Kirstin Hunter Headshot
Kirstin Hunter, CEO of Future Super

There’s a lot of talk about gender inequality in Australia. The glass ceiling. Women earning 79 cents for every dollar. Men holding 67% exec roles and 71% board roles. Old ladies retiring with 47% less super than old men. 

Gender inequality means all of these things.

Despite all the column inches given to gender inequality, and the “inclusive workplace policies” purporting to address it, when we look beyond words to actions the reality is that change is moving at a glacial pace. At the rate we’re going, it will be another 202 years before gender pay equity is achieved in the Australian workforce. 

I don’t know about you, but I can’t wait that long, and neither can the members of the superannuation fund at Future Super. 

Transforming business for equality

Business leaders can and should be leading the charge for gender equality. This leadership must start with an honest and data-driven conversation within your own organization. 

The great news for business leaders is that you can do this regardless of how big or small your business is, and once you start, change can happen very quickly.

At Future Super, we began by analyzing our own gender pay data (both overall and by seniority), setting board-level targets, and sharing our progress against these targets with our team. This approach has allowed us to transform our business: in four years we’ve improved our gender representation across the team (from 30% to parity) and in the leadership team (from 20% to parity), while also reducing our gender pay gap from ~25% to within our target of +/- 5%.

But we didn’t stop there.

We also reflected on the trends in our own industry, where women retire with 47% less super than men.
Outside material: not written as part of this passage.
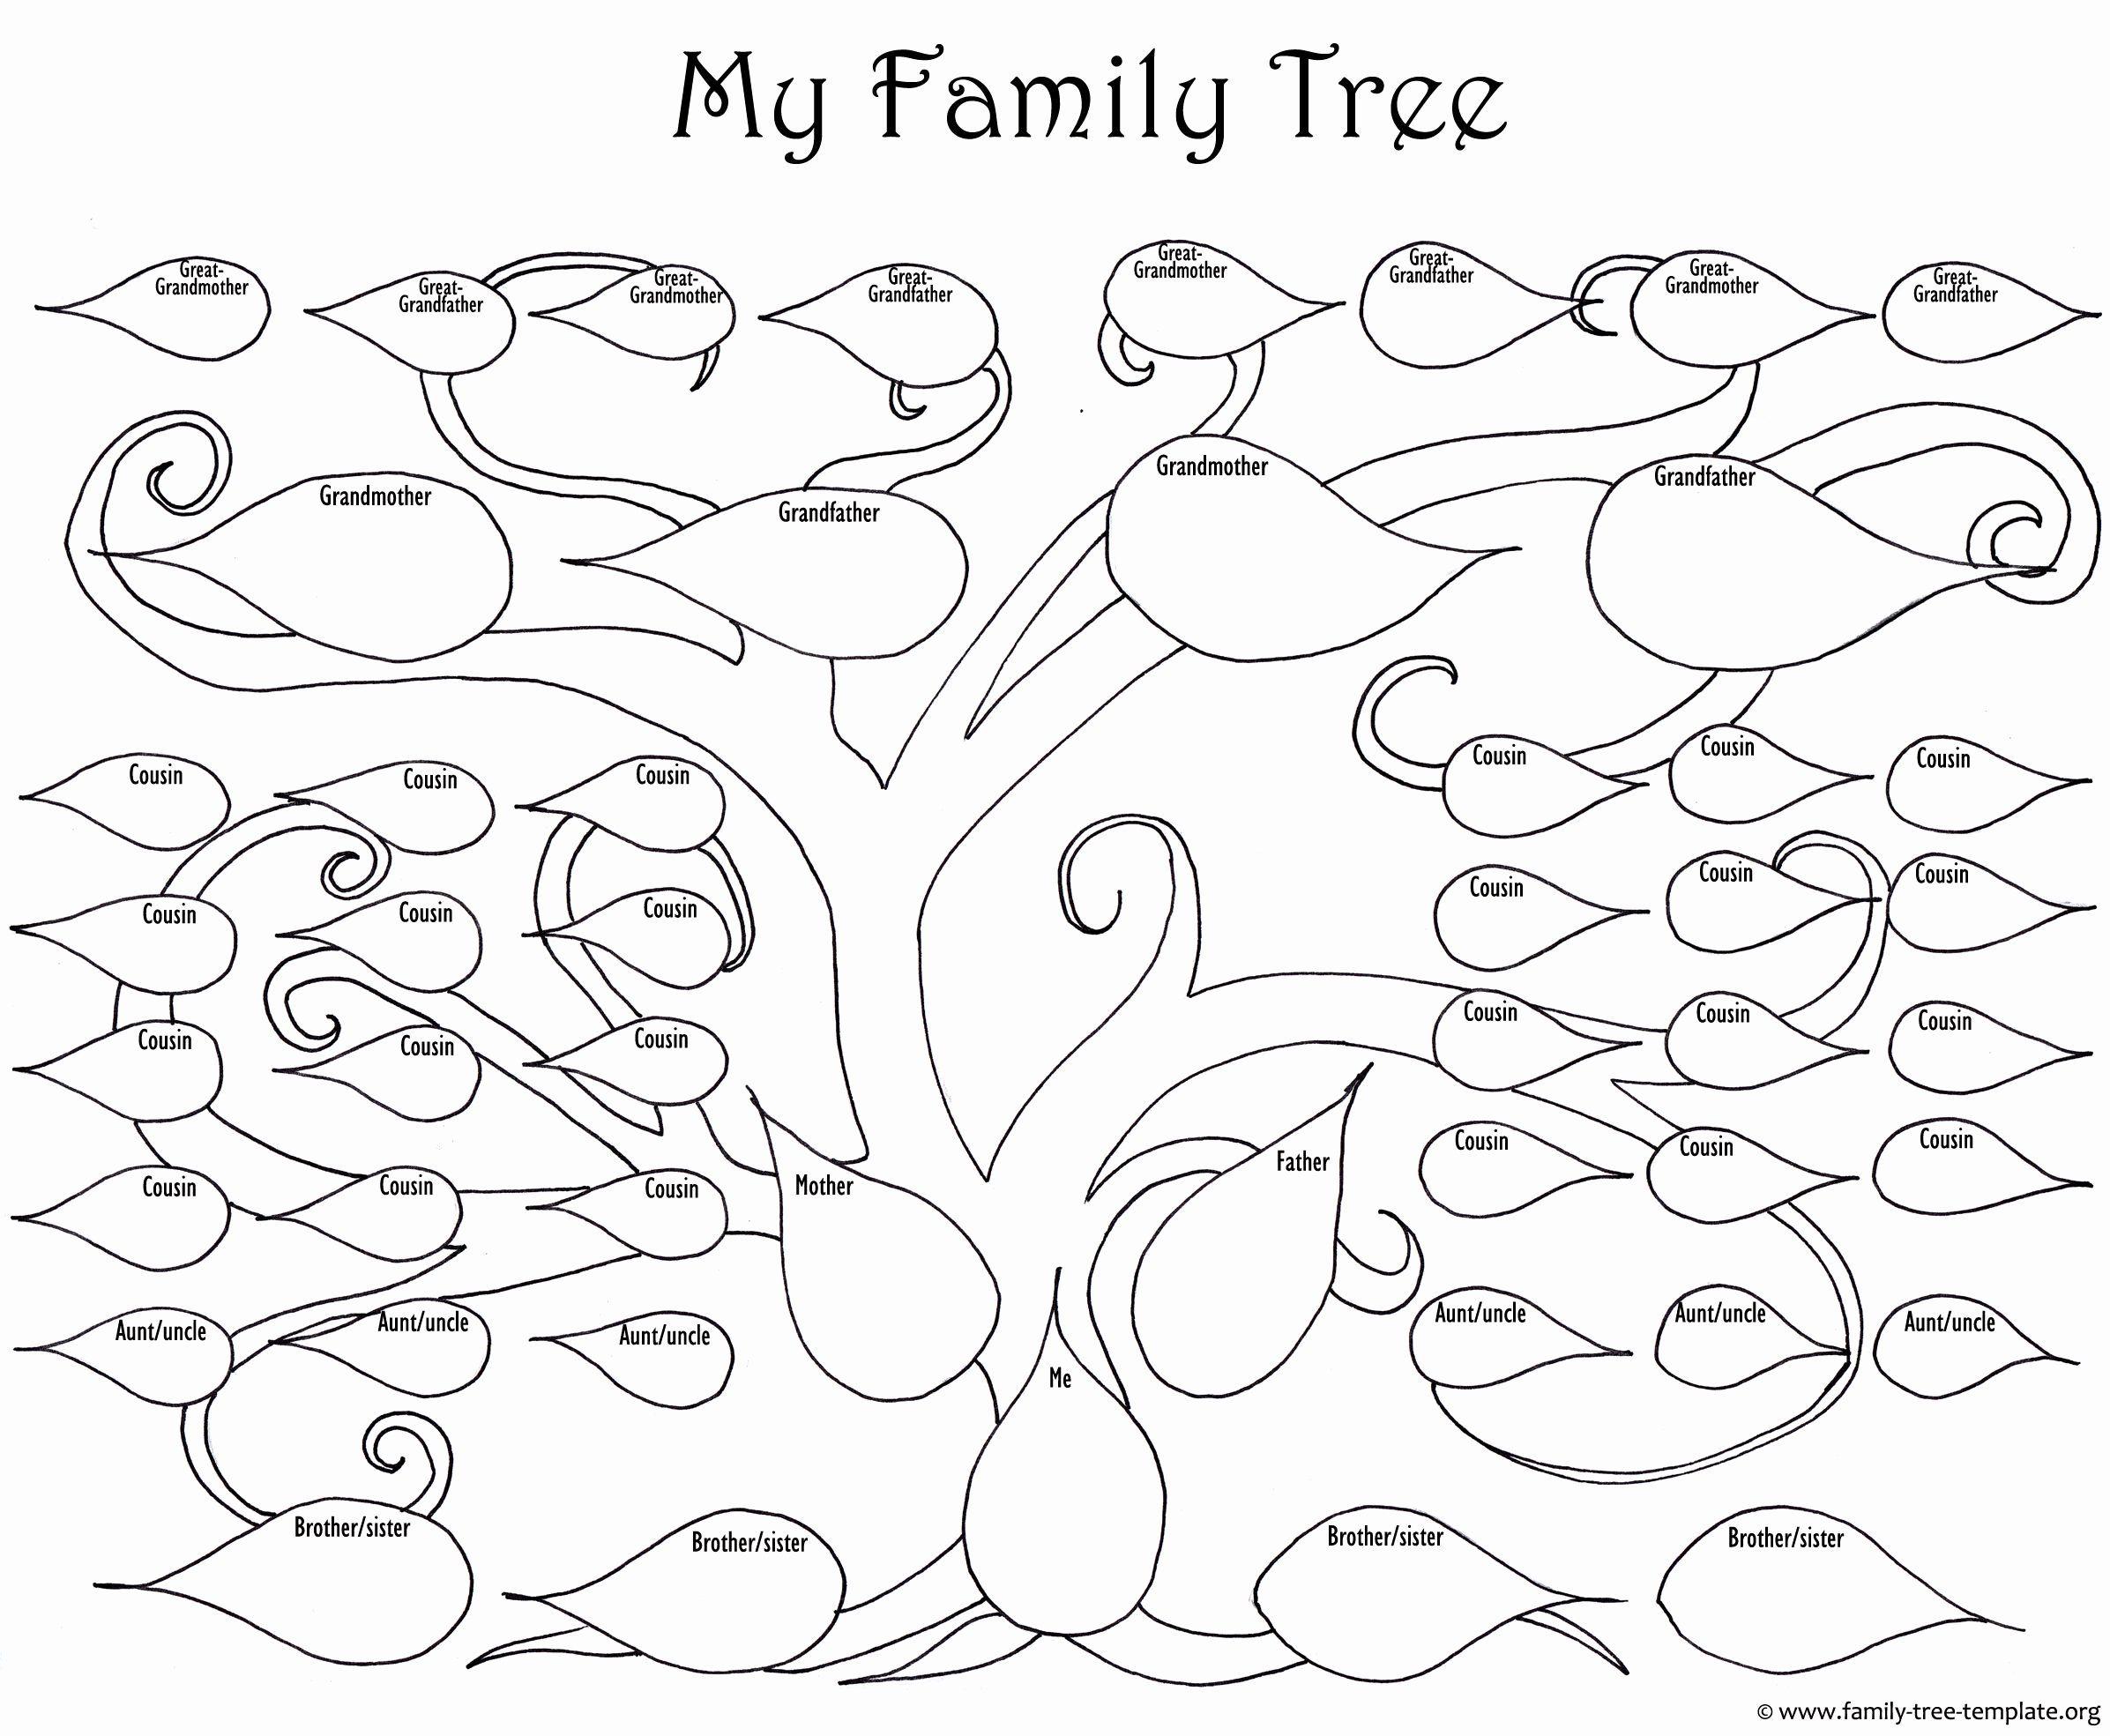 Printable Family Tree Charts Awesome A Printable Blank

The reasons for this retirement gap are known: women are less likely to make the senior ranks, are more likely to take time off for caring duties, and more likely to return part-time. As a small business we may not be able to fix the system, but what can we do to make sure that our own staff don’t suffer that same fate? We introduced three policies to address these drivers of inequality. Today at Future Super, all staff earning less than $80k are paid a higher rate of superannuation, all staff taking time out of work for parental leave are paid super contributions for up to 12 months, and all staff who are working part-time due to caring responsibilities are paid super at the full time rate. 

But it’s not enough for us to think only of our own team. As a superannuation fund we must also act with our members’ retirement outcomes in mind.
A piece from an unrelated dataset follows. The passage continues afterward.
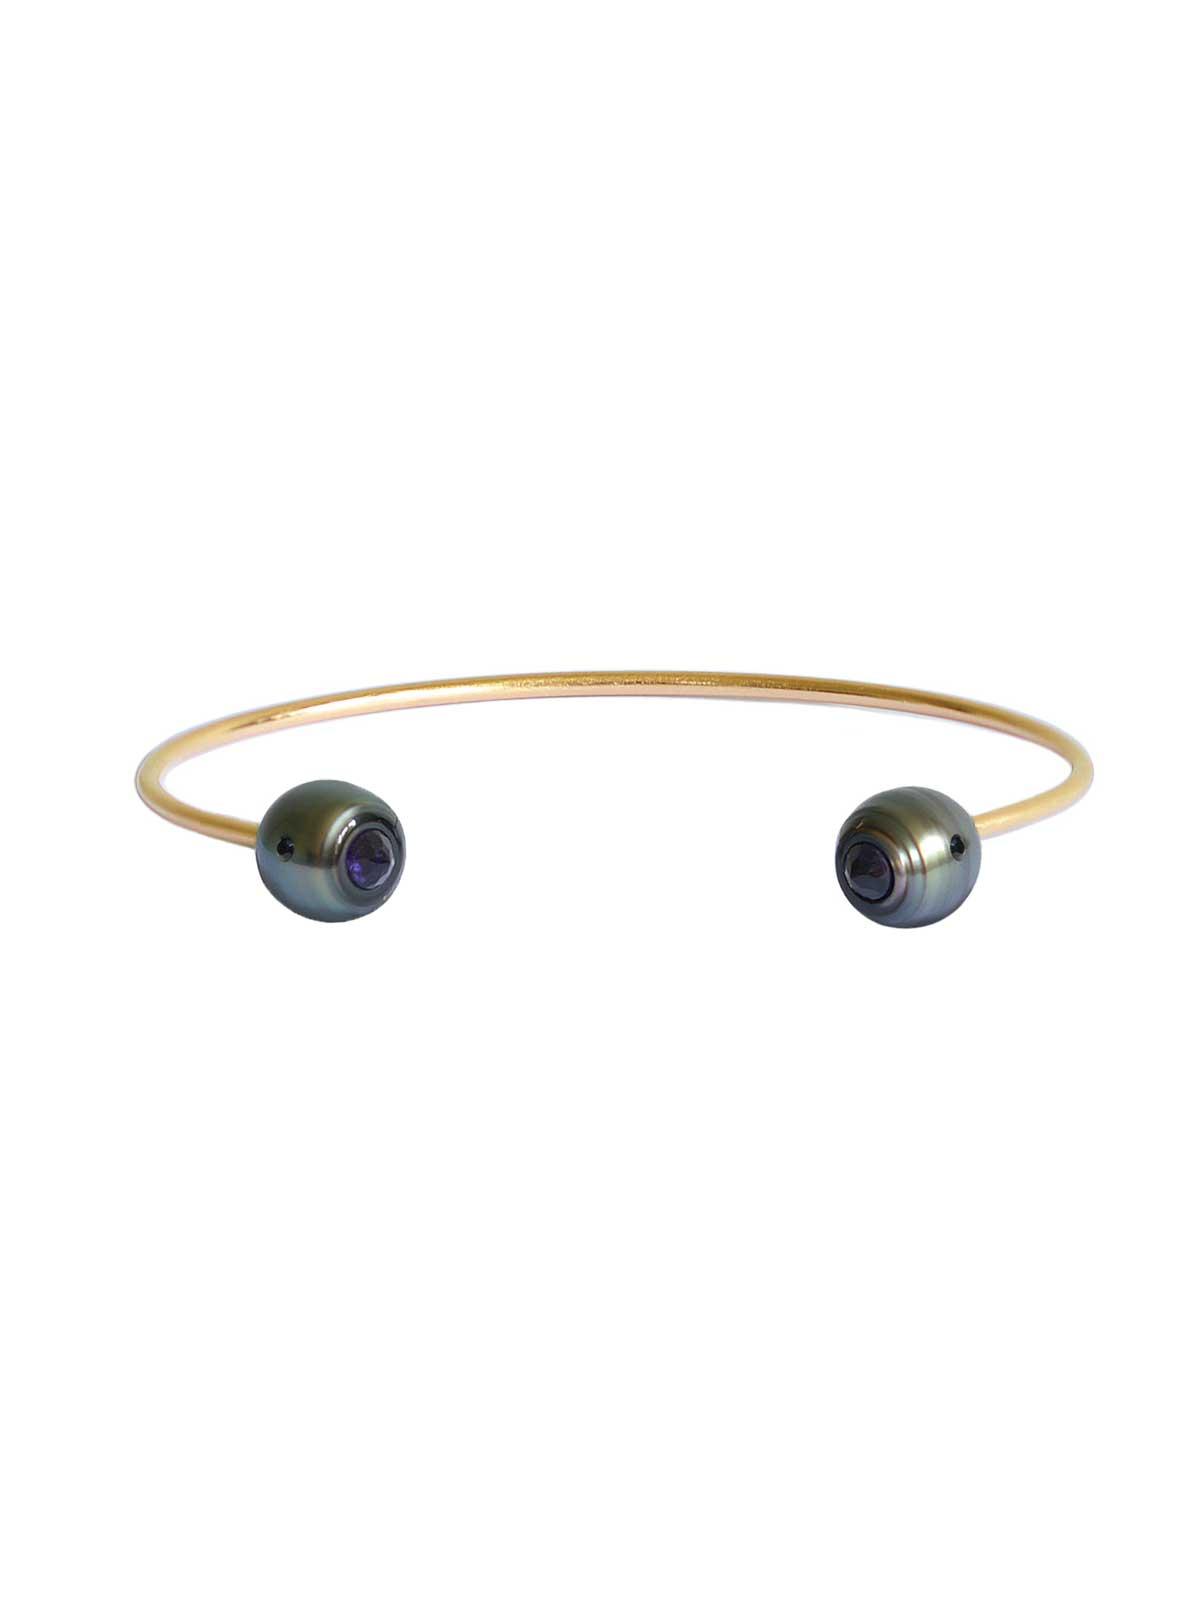 PANTHERE Cuff Bracelet Tahitian Pearl Amethyst Black Diamond

Investing for gender equity

When Future Super makes investment decisions on behalf of our members we need to consider a company’s long-term economic prospects. When it comes to gender, the data has shown time and time again that diverse teams perform better. 

If diverse teams perform better, it stands to reason that teams lacking diversity will perform worse. 

What that says to me is that a business that fails to build a diverse team is a bad investment: these businesses are willing to ignore the data and leave money on the table to protect the status quo. That’s why we stopped investing in companies that have all-male boards.

Advocating for gender equality for our members

When systemic factors make it more likely that our female members will retire with less than our male members, it becomes our responsibility to challenge that system.

In the 2020 Equality is Everyone’s Business report into gender inequality, we found that one of the most effective actions that businesses can take to improve gender pay equity within their organization is to improve transparency on actions and performance on gender pay equity. Despite this also being one of the most simple actions businesses can take, our research found that more than 50% of companies in the ASX100 are still refusing to do this.

Gender equality is not just good ethics, it’s good economics. Gender equality is everyone’s business: it’s up to all business leaders to be part of the change, to promote and improve workplace gender equality. Your employees and your investors will thank you.